Intraducibilità e perfetta traducibilità
Più l’originale è piatto, uniforme, monotono, meno è traducibile: un testo in cui la lingua è mero strumento, dove ciò che conta è l’inteso e non il modo di intendere, non esige traduzione. A nessuna lingua vera si allude, allorché le due lingue si piegano indifferenti a trasmettere semplicemente un significato.
All’altro capo dell’intraducibilità c’è la traduzione: se per il testo solo tecnico non c’è traduzione a causa della preponderante presenza del comunicabile rispetto allo stile, per la traduzione la situazione è opposta. Qui l’inteso è solo sfiorato dalla lingua, come un’arpa eolica lo è dal vento. Così intesa, svincolata da ogni obbligo di comunicare un contenuto, la traduzione diventa un’impresa per molti versi terribile. In essa il senso sprofonda, viene risucchiato nel vortice delle lingue, nella profonda e irraggiungibile armonia che la traduzione evoca.
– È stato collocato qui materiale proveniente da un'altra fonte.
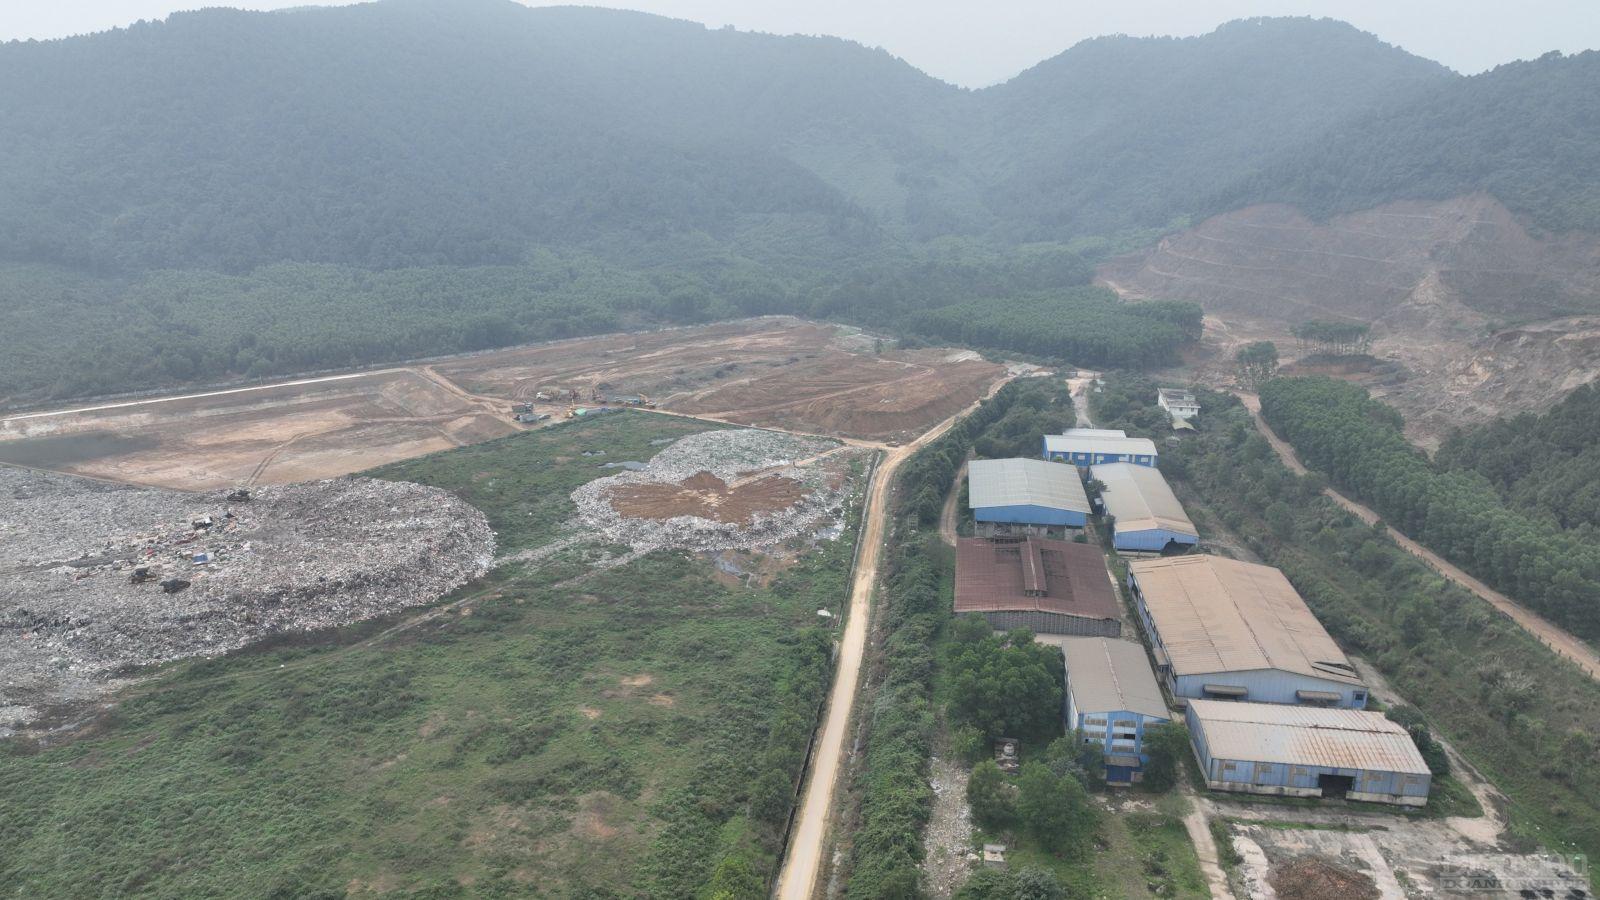 Bãi xử lý rác thải tập trung của tỉnh Nghệ An tại xã Nghi Yên, huyện Nghi Lộc hiện nay đang trở thành vấn đề nan giải vì nguy cơ ô nhiễm môi trường cao trong khi hàng chục hộ dân bị ảnh hưởng chưa thể di dời, tái định cư hết

Le traduzioni da Sofocle furono l’ultima opera di Hölderlin. In esse il senso precipita di abisso in abisso, fino a rischiare di perdersi in profondità linguistiche senza fondo. C’è bensì un arresto, ma nessun testo lo concede all’infuori del sacro, in cui il senso ha cessato di essere lo spartiacque fra il fiume della lingua e quello della rivelazione. (W. Benjamin, Il compito del traduttore, in Angelus novus, Einaudi, Torino, 1962, p. 51)
Il testo sacro
Nel sacro, nella sua lettera, è la vera lingua, senza alcuna mediazione del senso, senza alcuna relazione fuori di sé, che parla. Il testo sacro, è già vera lingua nell’originale, lettera e senso a un tempo, lingua che non esprime nulla fuori di se stessa, perciò è per sua natura immediatamente traducibile. E se ciò che conta non è l’inteso, ma la lingua in quanto modo di intendere, sarà la versione interlineare del testo sacro, parola per parola, l’archetipo di ogni traduzione.